Provide the data again in its entirety, exactly as given.

★ ★ ★ ★

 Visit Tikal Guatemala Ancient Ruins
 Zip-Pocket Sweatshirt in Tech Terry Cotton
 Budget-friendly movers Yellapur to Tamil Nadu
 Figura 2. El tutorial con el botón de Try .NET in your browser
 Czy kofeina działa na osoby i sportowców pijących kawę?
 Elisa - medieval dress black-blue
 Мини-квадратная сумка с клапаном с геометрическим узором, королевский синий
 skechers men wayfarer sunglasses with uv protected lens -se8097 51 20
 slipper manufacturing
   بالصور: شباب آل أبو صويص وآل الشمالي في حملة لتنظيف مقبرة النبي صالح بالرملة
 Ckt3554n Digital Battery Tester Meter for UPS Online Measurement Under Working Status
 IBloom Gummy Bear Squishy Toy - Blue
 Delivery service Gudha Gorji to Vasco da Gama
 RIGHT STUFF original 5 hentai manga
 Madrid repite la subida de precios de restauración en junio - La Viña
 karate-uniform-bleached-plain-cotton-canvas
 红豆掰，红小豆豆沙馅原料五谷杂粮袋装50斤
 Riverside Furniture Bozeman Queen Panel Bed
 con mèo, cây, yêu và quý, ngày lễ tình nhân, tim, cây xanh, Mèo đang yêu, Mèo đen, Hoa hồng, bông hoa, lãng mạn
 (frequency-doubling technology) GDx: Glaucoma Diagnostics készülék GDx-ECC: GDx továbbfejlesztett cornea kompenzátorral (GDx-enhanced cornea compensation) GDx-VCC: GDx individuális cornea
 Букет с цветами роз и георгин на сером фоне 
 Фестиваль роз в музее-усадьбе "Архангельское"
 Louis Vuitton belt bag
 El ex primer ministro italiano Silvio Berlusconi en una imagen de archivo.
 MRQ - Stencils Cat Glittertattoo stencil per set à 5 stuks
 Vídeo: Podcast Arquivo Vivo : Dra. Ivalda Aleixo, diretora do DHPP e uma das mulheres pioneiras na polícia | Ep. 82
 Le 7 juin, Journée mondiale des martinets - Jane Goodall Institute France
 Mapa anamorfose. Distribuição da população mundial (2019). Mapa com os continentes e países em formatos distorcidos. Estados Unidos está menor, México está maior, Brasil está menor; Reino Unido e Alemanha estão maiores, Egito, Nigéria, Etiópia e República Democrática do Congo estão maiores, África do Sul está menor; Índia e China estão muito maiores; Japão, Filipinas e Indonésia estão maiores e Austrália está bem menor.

★ ★ ★ ★

### RESPONSE TO THE EXERCISE
 Visit Tikal Guatemala Ancient Ruins
 Zip-Pocket Sweatshirt in Tech Terry Cotton
 Budget-friendly movers Yellapur to Tamil Nadu
 Figura 2. El tutorial con el botón de Try .NET in your browser
 Czy kofeina działa na osoby i sportowców pijących kawę?
 Elisa - medieval dress black-blue
 Мини-квадратная сумка с клапаном с геометрическим узором, королевский синий
 skechers men wayfarer sunglasses with uv protected lens -se8097 51 20
 slipper manufacturing
   بالصور: شباب آل أبو صويص وآل الشمالي في حملة لتنظيف مقبرة النبي صالح بالرملة
 Ckt3554n Digital Battery Tester Meter for UPS Online Measurement Under Working Status
 IBloom Gummy Bear Squishy Toy - Blue
 Delivery service Gudha Gorji to Vasco da Gama
 RIGHT STUFF original 5 hentai manga
 Madrid repite la subida de precios de restauración en junio - La Viña
 karate-uniform-bleached-plain-cotton-canvas
 红豆掰，红小豆豆沙馅原料五谷杂粮袋装50斤
 Riverside Furniture Bozeman Queen Panel Bed
 con mèo, cây, yêu và quý, ngày lễ tình nhân, tim, cây xanh, Mèo đang yêu, Mèo đen, Hoa hồng, bông hoa, lãng mạn
 (frequency-doubling technology) GDx: Glaucoma Diagnostics készülék GDx-ECC: GDx továbbfejlesztett cornea kompenzátorral (GDx-enhanced cornea compensation) GDx-VCC: GDx individuális cornea
 Букет с цветами роз и георгин на сером фоне 
 Фестиваль роз в музее-усадьбе "Архангельское"
 Louis Vuitton belt bag
 El ex primer ministro italiano Silvio Berlusconi en una imagen de archivo.
 MRQ - Stencils Cat Glittertattoo stencil per set à 5 stuks
 Vídeo: Podcast Arquivo Vivo : Dra. Ivalda Aleixo, diretora do DHPP e uma das mulheres pioneiras na polícia | Ep. 82
 Le 7 juin, Journée mondiale des martinets - Jane Goodall Institute France
 Mapa anamorfose. Distribuição da população mundial (2019). Mapa com os continentes e países em formatos distorcidos. Estados Unidos está menor, México está maior, Brasil está menor; Reino Unido e Alemanha estão maiores, Egito, Nigéria, Etiópia e República Democrática do Congo estão maiores, África do Sul está menor; Índia e China estão muito maiores; Japão, Filipinas e Indonésia estão maiores e Austrália está bem menor.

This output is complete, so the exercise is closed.